Однако и без гражданских войн, как показывает Паскаль, социальный мир полон драматизма, контрастов, коллизий и противоречий. Все в "империи власти" чревато своей собственной противоположностью, каждая из которых удерживается, как противовесом, другой: "мудрость народа" — его "неразумием"; справедливость, т. е. стабильность социального порядка, — его несправедливостью; в основе самой силы заключена ее слабость, т. е. уязвимость, хрупкость и непрочность; бессилие же народа скрывает в себе огромную силу, ибо "народ и деловые люди представляют движущую силу ( train ) общества"'. Здесь, по существу, речь идет о внутренних диалектических противоречиях, которыми у Паскаля полны и индивидуальная человеческая жизнь, и человеческое познание, и сама природа.

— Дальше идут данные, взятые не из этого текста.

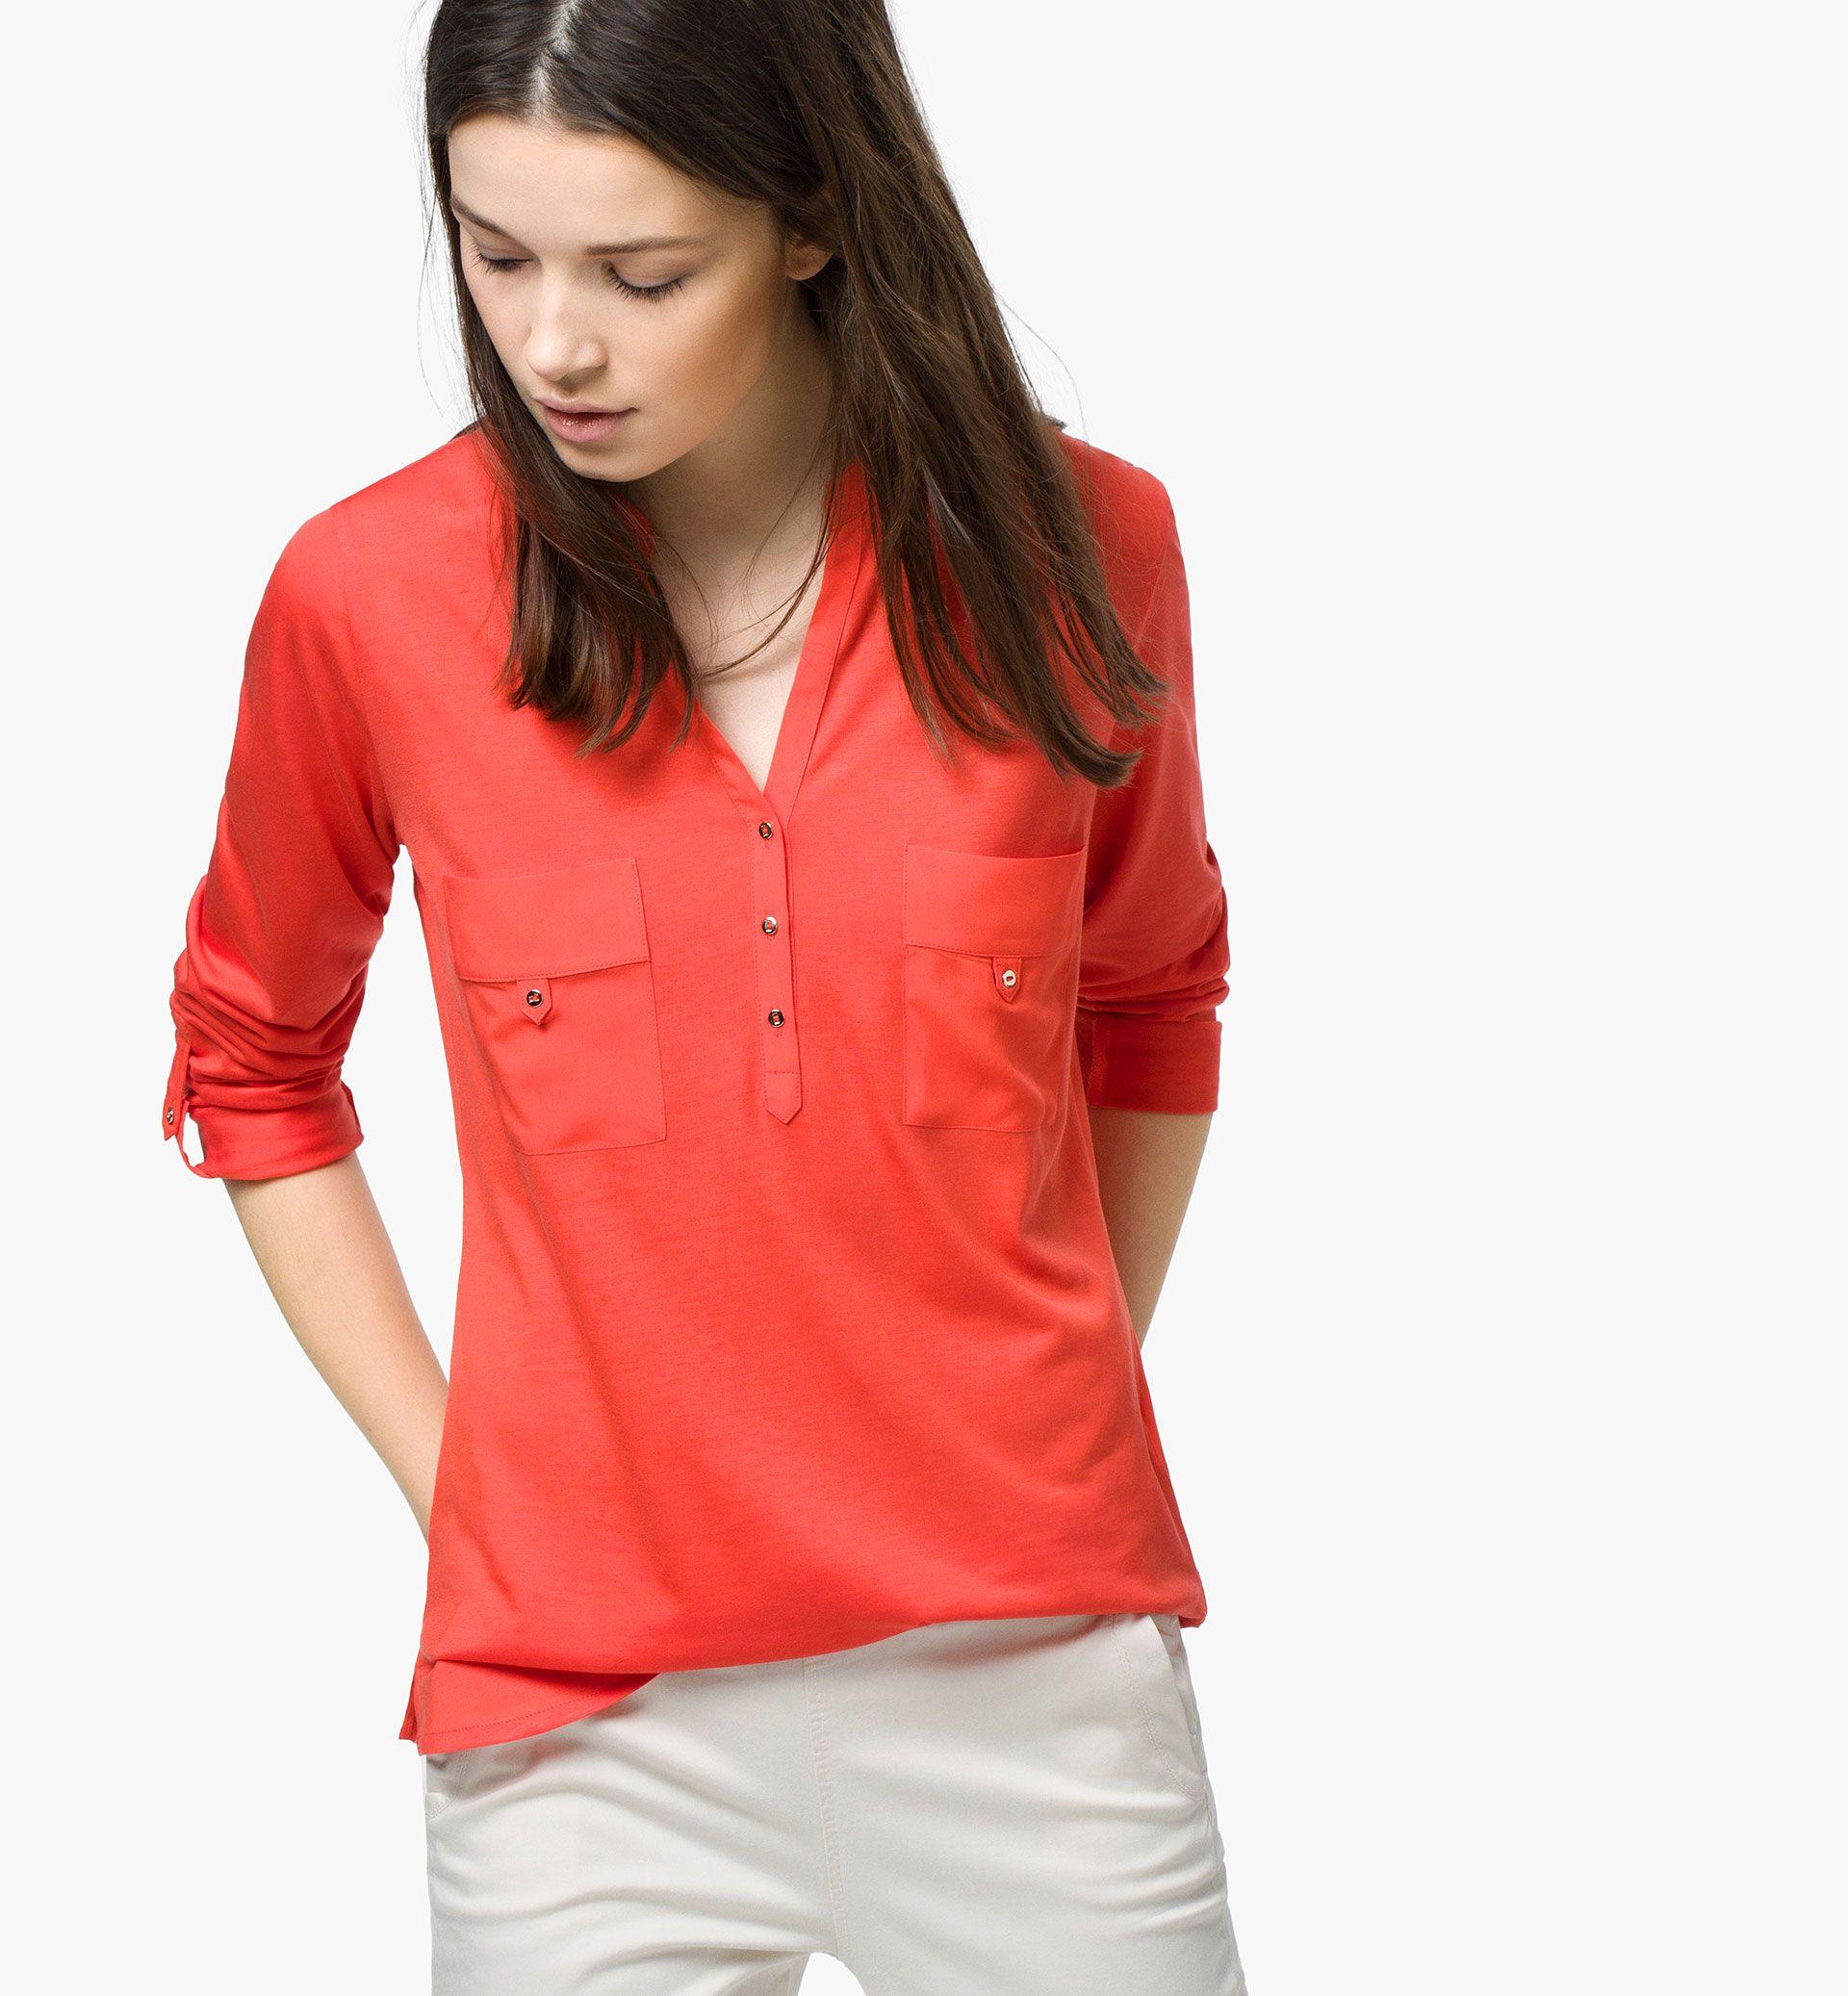 MANDARIN-COLLAR POLO SHIRT - T-shirts - WOMEN - United States of America / Estados Unidos de América

Паскаль, так сказать, скрепя сердце принимает "империю власти" в качестве гаранта внутреннего мира в обществе, но власть силы не спасает народ от внешних войн и связанного с ними бессмысленного человекоубийства. Интересы монархов противоречат интересам народа. Допустим, какой-то монарх поссорился с другим монархом, возмущается Паскаль, а на войну посылаются ни в чем не повинные люди, и одни вынуждены убивать других, хотя никто из них друг с другом не ссорился 2 . К тому же несправедливейшее человекоубийство оправдывается в глазах народов, по существу, самым нелепейшим образом, для демонстрации чего Паскаль набрасывает в нескольких словах такую живую картину: "За что вы меня убиваете? У меня же нет оружия. — Как за что, разве вы не живете на другом берегу реки? Друг мой, если бы вы жили на этом берегу, я и впрямь был бы убийцей и совершил бы неправое дело, если бы убил вас. Но поскольку вы живете по ту сторону, постольку дело мое правое, и я совершаю подвиг" 3 . Обратим внимание и на то, что Паскаль здесь указывает на гибель мирного населения во время войны.

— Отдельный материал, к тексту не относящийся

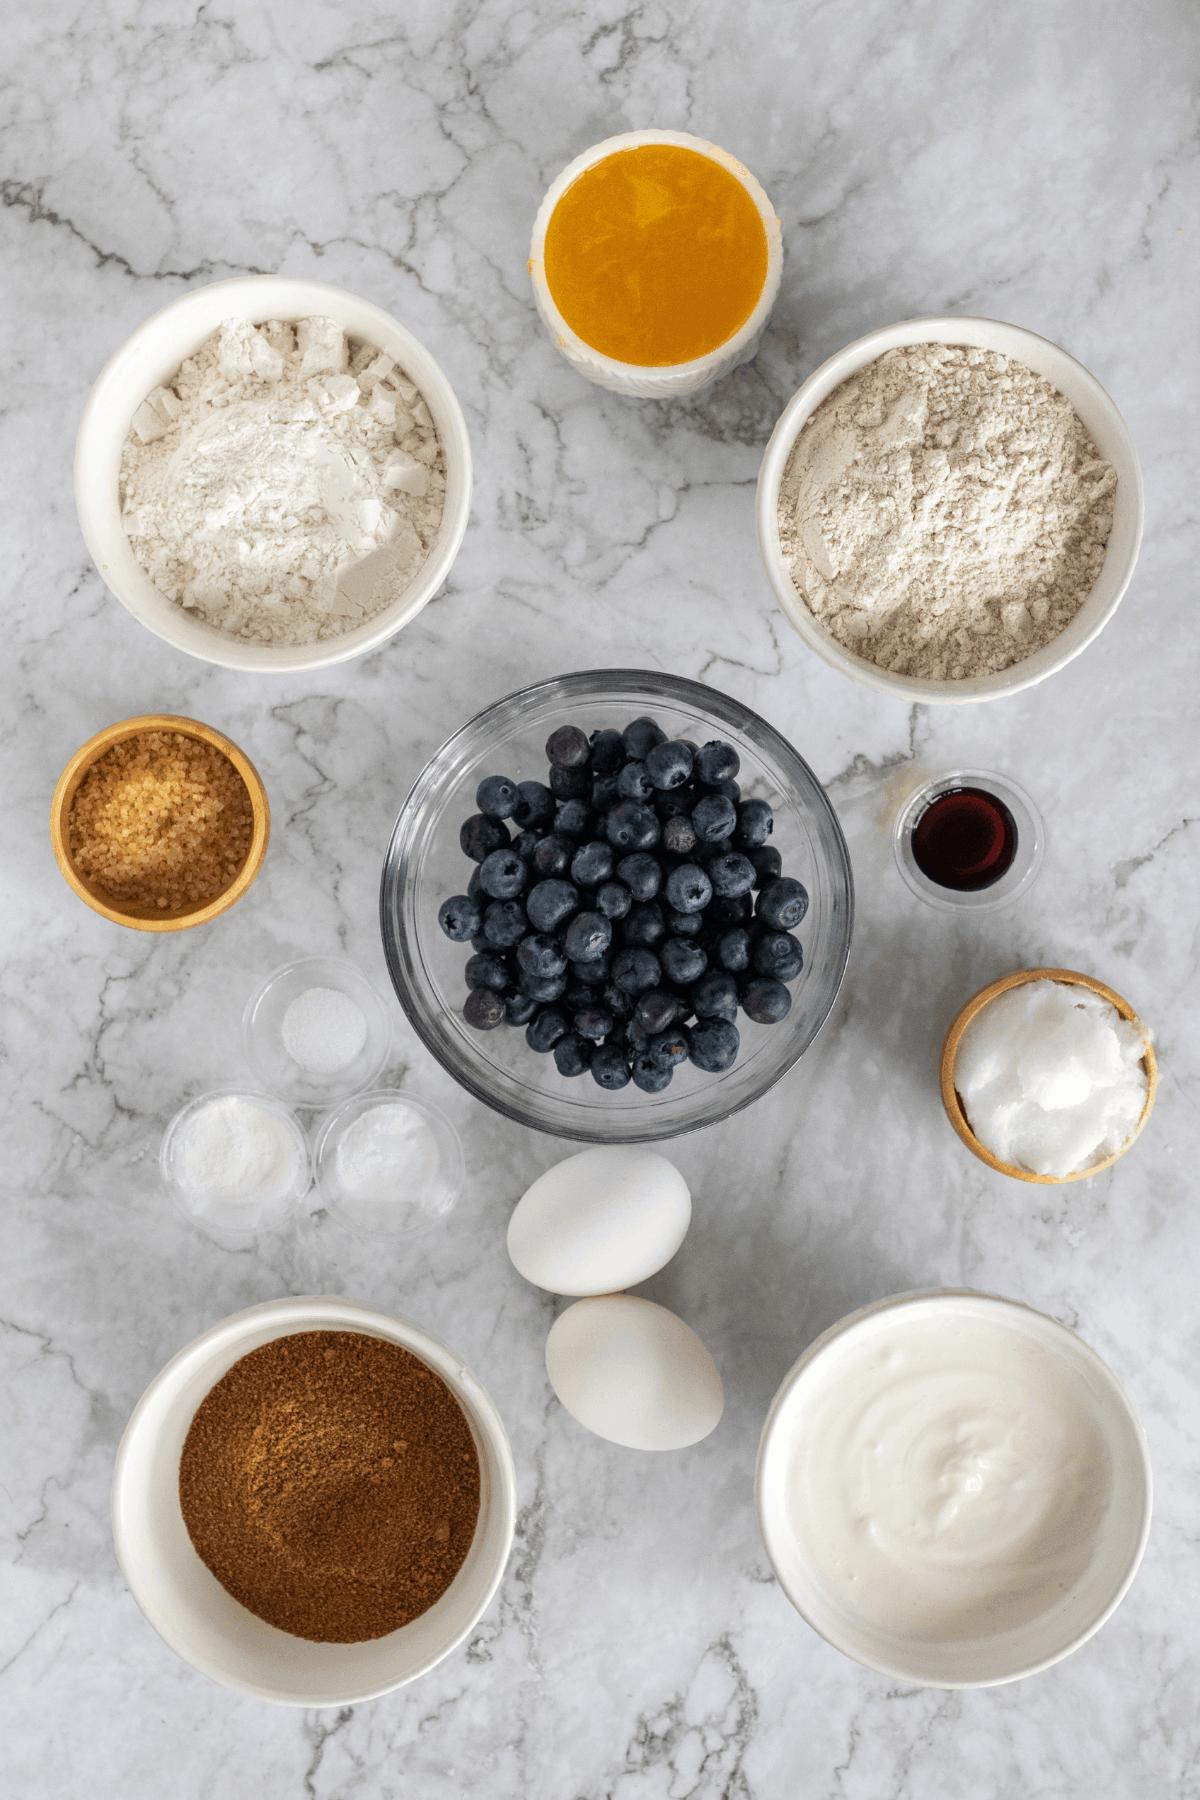 ingredients for make homemade blueberry Greek yogurt muffins from scratch.

Выступая против милитаристской внешней политики правителей "империи власти", против бессовестного жонглирования человеческими жизнями в корыстных целях власть имущих, Паскаль подходит к решению вопроса о войне и мире не как политик или социолог, а как правовед: "Когда встает вопрос, быть или не быть войне, обрекать ли смерти множество людей, например испанцев, решает его один человек, и притом заинтересованный, а должен был бы решать кто-то сторонний и беспристрастный"', Однако Паскаль не верит в возможность справедливых решений социальных вопросов в "империи власти".

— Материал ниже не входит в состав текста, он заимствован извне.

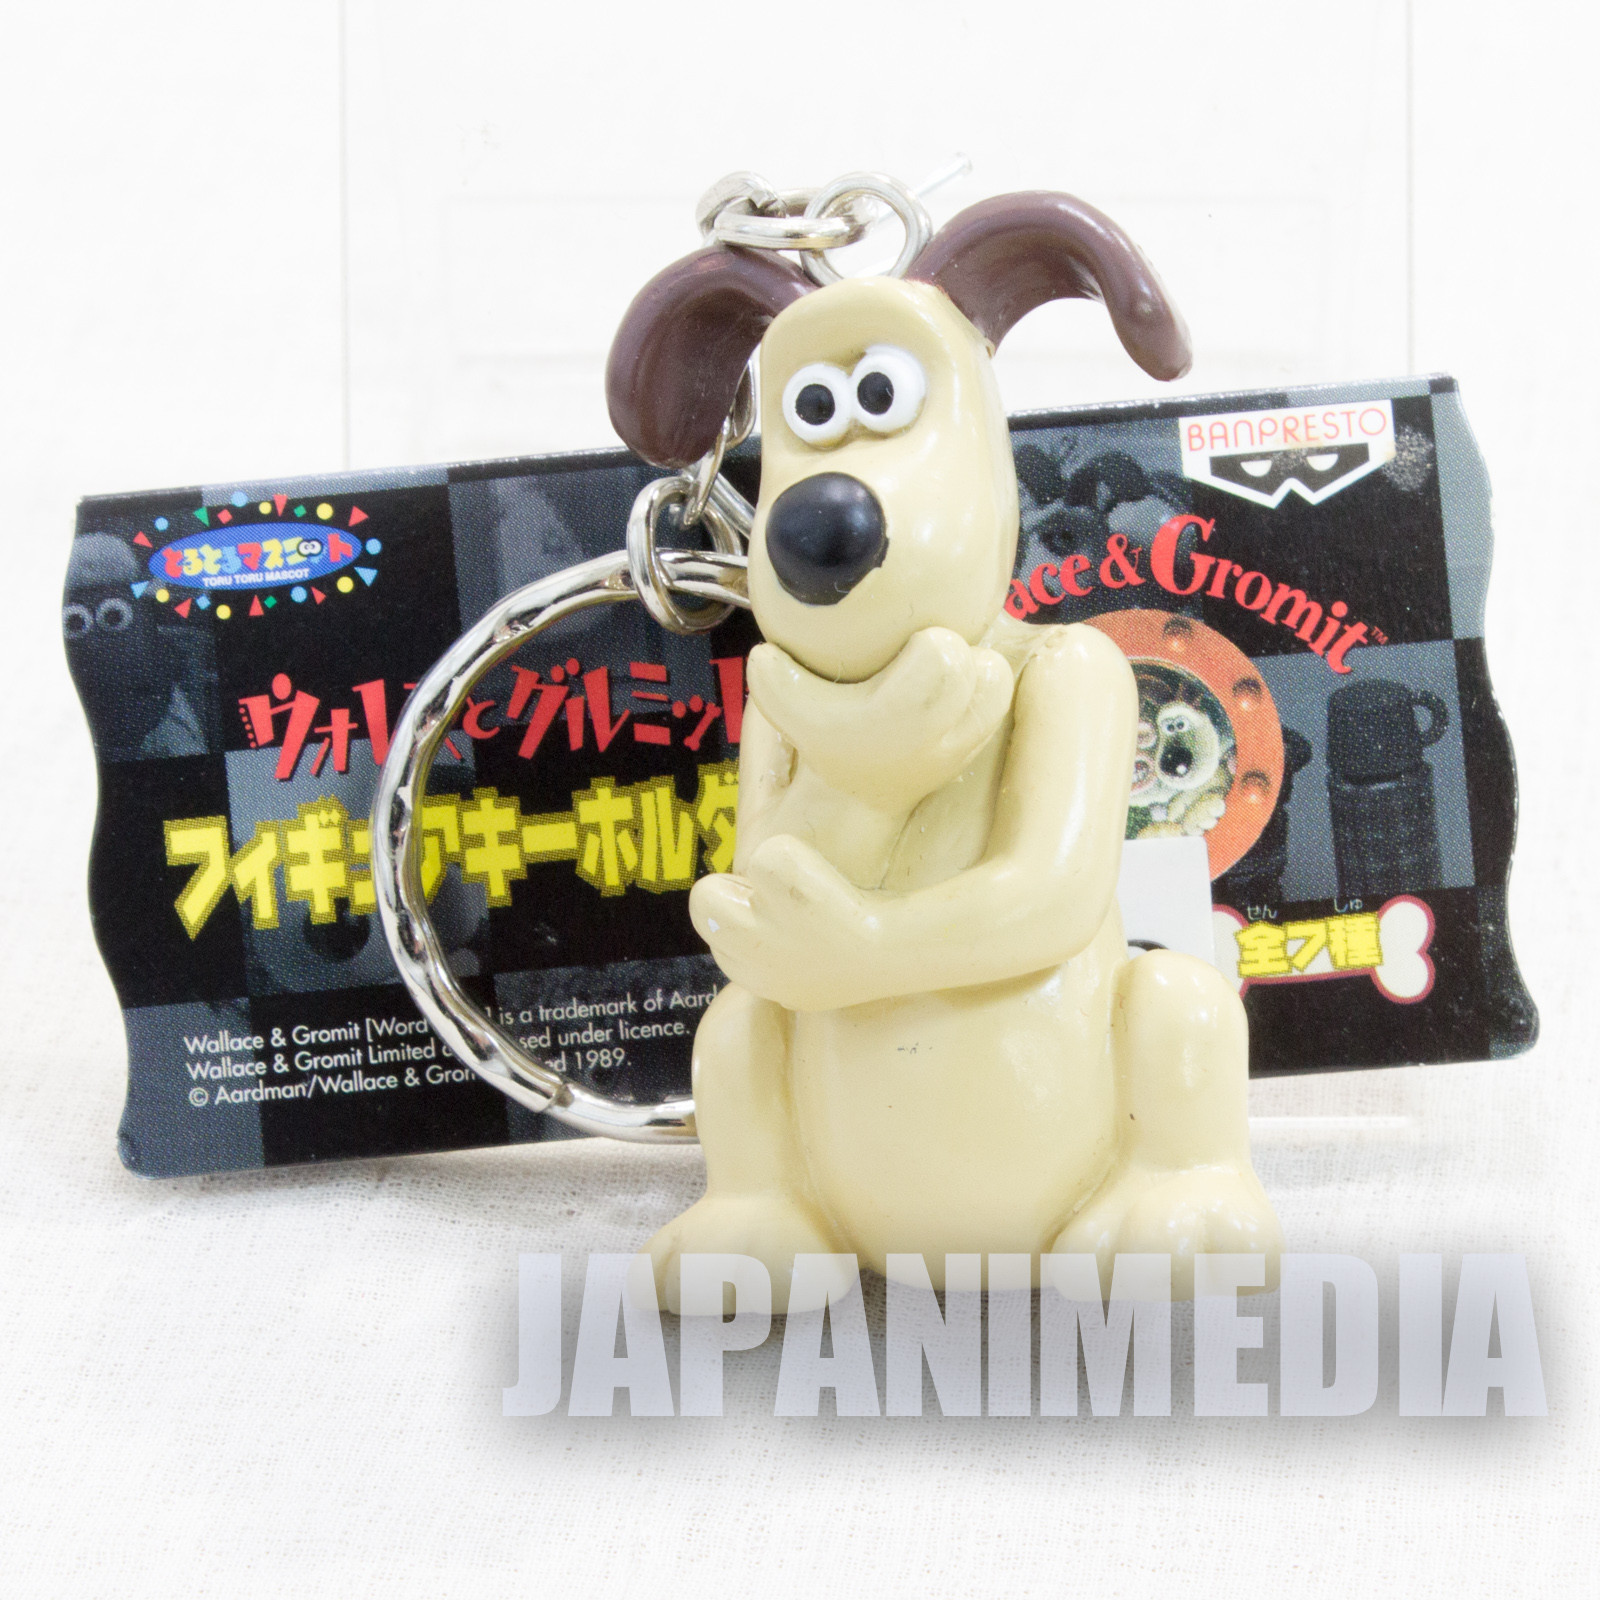 Wallace & Gromit Thinking Gromit Figure Key Chain 2 Banpresto JAPAN Ardman ANIME

- 'Pascal В . Pensees. Р . 510, fr. 83. 2 Ibid. P. 507, fr. 60. 'Ibid. P. 506, fr. 51.
Вот если бы "империя власти" объединилась с "империей разума", о чем мечтали люди во все времена, но, увы, они до сих пор существуют раздельно, сетует Паскаль в письме к королеве Швеции Кристине (июнь 1652 г.), между тем как "одна без другой они представляются несовершенными". "Как бы ни был могуществен монарх, чего-то не хватает его славе, если он не отличается превосходством ума, и как бы ни был просвещен подданный, он всегда унижен зависимостью" 2 . Паскаль считает, что "империя разума" более высокого порядка, чем "империя власти", как ум порядком выше тела. Вот почему вторая, как бы ни была огромна, должна быть подчинена первой, которая не менее внушительна. По иронии судьбы Паскаль увидел в Кристине образец идеального монарха, в котором впервые в истории гармонично сочетались "власть и разум", "верховный авторитет и основательная ученость". Конечно, здесь надо учитывать ту дань почтительного уважения, любезности и восторга, которую не мог не отдать ученый юной королеве. Позже в "Мыслях" Паскаль не без грусти отметит быстрый закат ее "разумного правления" и назовет ее "жертвой" наряду с английским королем Карлом I, сложившим голову на плахе 3 .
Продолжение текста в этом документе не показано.